Green Beret was destined for the military, says mom

LOS ANGELES — Army Sgt. 1st Class Chad Gonsalves had a calling for the service.

“I knew from the day I brought him home and rocked him — I knew he was destined for the military,” said his mother Marsha Gonsalves.

Gonsalves, who was raised in Turlock in the Central Valley, wore camouflage fatigues as a boy and as a young man became a member of the Army’s elite Special Forces, wearing the group’s fabled Green Beret.

Gonsalves, 31, was on patrol Feb. 13 with Afghan troops in the Oruzgan province when his armored Humvee hit a roadside bomb, military officials said. Gonsalves and three other U.S. soldiers were killed.

Gonsalves was an indifferent student who dropped out of high school in his senior year and undertook a variety of jobs, including installing TV satellite dishes and washing trucks.

For his 21st birthday, Gonsalves’ parents took him to a Reba McEntire concert in Fresno.

“He was a big Reba fan,” his mother said. “He was a cowboy then. I wish he had remained a cowboy. It might have kept him out of the military.”

Gonsalves was pursued by a military recruiter who he first talked to when he was 18. He enlisted in the Army in 1996 after earning a general equivalency diploma.

He was stationed in Germany and embraced his military training. His parents shipped his beloved Chevy pickup, which he used to drive on the autobahn.

“He used to say it was a chick magnet,” said Nelson Fonte, 31, a friend since childhood.

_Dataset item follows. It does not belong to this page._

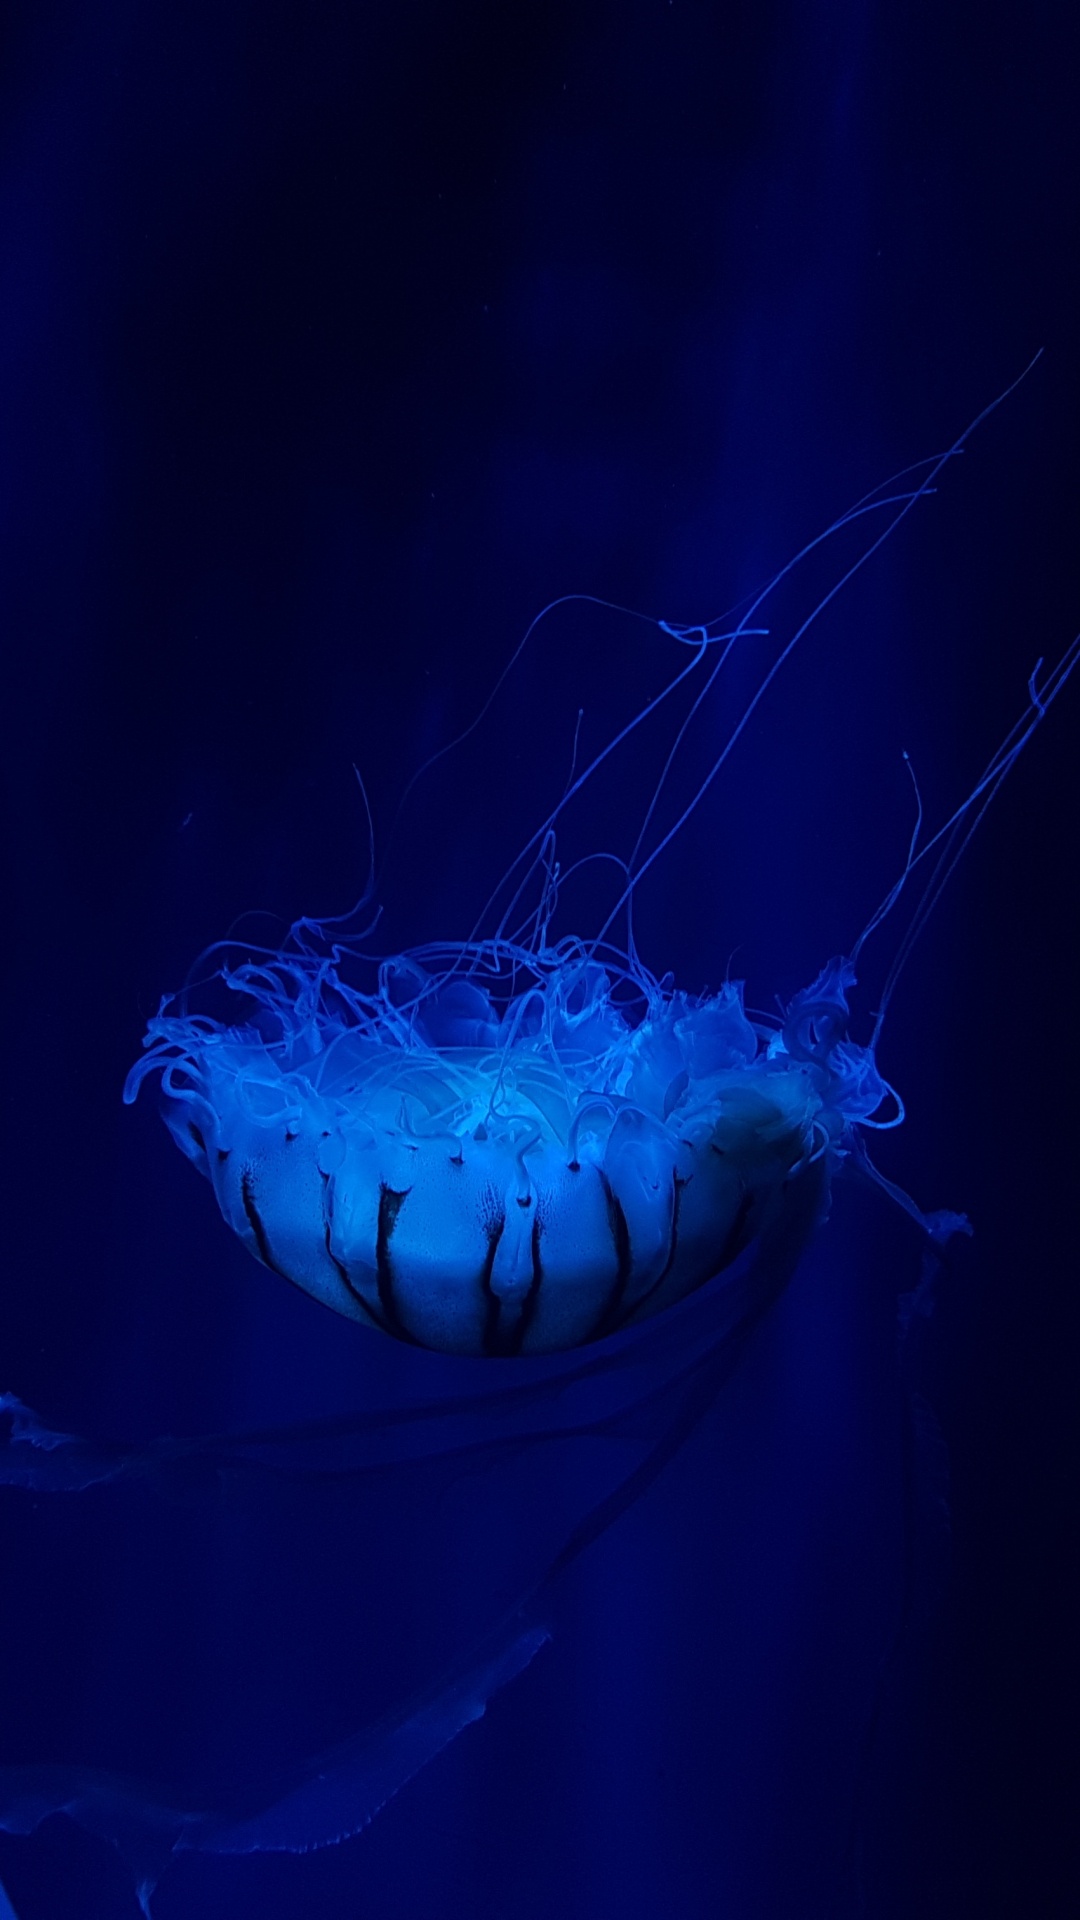 Blue Jellyfish in Blue Water. Wallpaper in 1080x1920 Resolution

Gonsalves in 2000 began the Special Forces qualification course and over the next few years he learned to scuba dive, became a weapons expert and mastered Spanish.

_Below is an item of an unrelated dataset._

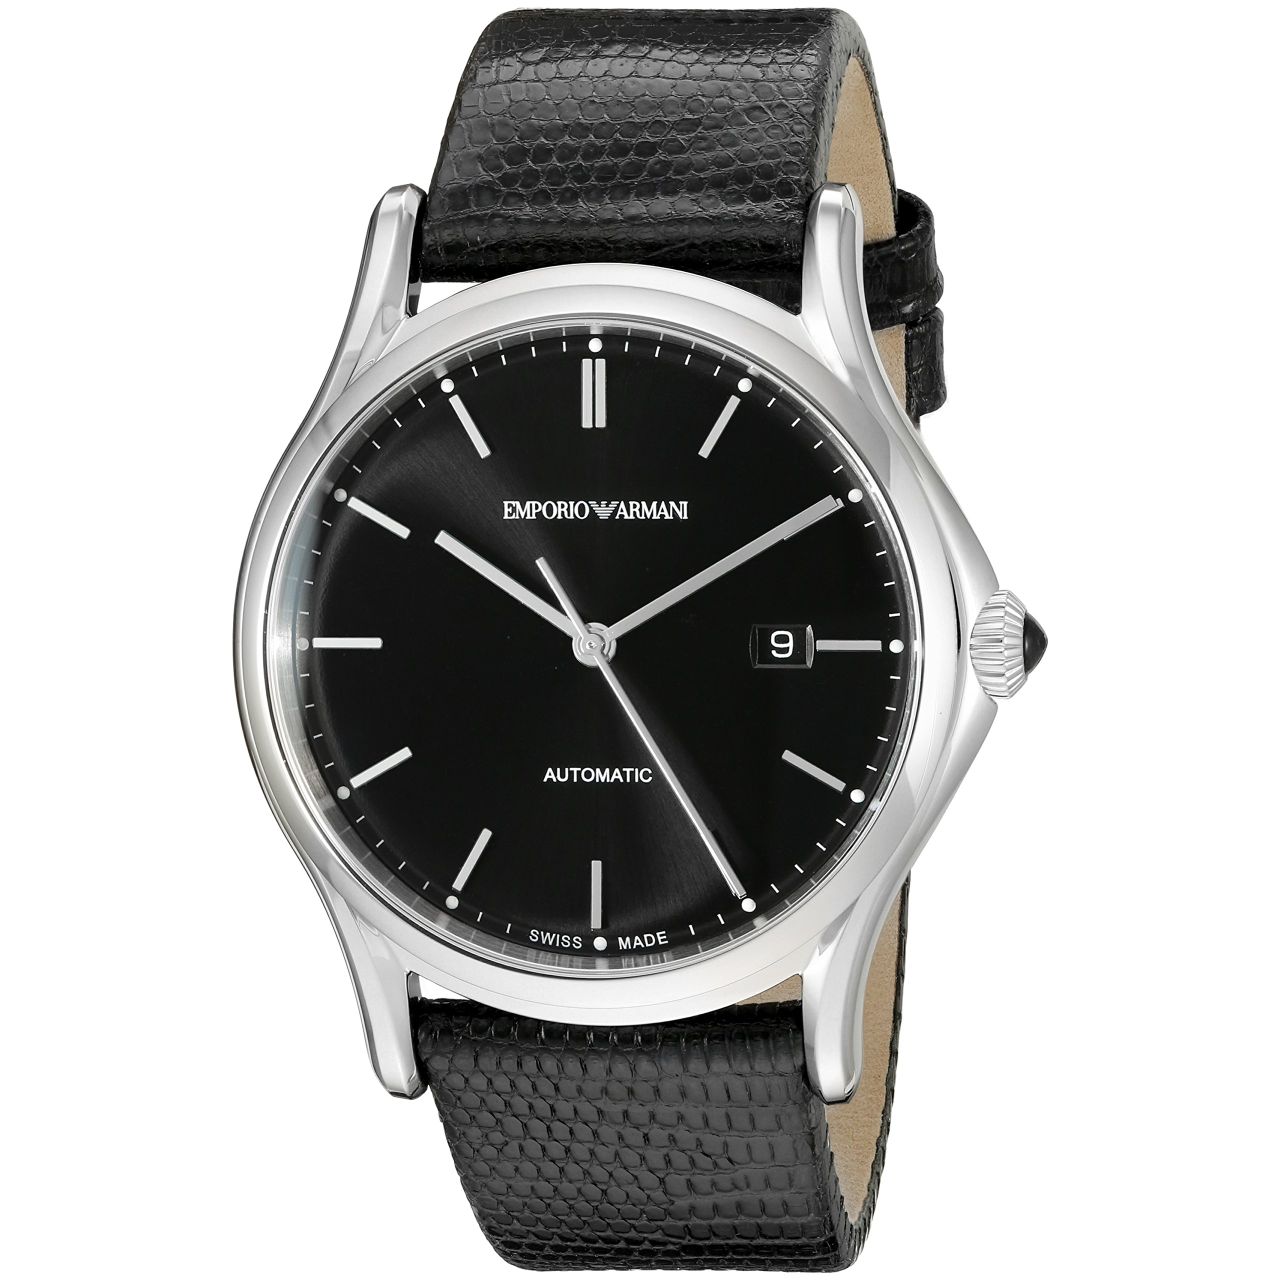 Emporio Armani ARS3001 Mens Black Dial Analog Quartz Watch with Leather Strap

“He was so proud,” his wife, Julie, 30, said of his learning a foreign language.

The two met after Gonsalves arrived at Ft. Bragg, N.C., for his Special Forces training and were married in 2001. They had three boys together, Cody, who will turn 4 on Monday, and twins, Blake and Dylan, who will turn 2 in May.

“He believed 100 percent what we were doing was right,” his mother said. “He told me before he left, ‘Mom, if something were to happen to me, don’t be one of those moms that blames the military.”’

Julie Gonsalves said she thought her husband had showed up at their home when a chaplain and soldier arrived recently at the house.

When she opened the door and the two men asked if they could come in and talk, “I thought, ‘Just say he’s hurt, just say he’s hurt.’ And that’s not what they said,” she recalled.

“I’m proud of him,” she said. “He loved it.”

Along with his parents, wife and sons, Gonsalves is survived by a brother, Joshua, and his grandmothers, Irene Gonsalves and Estelle Runyan.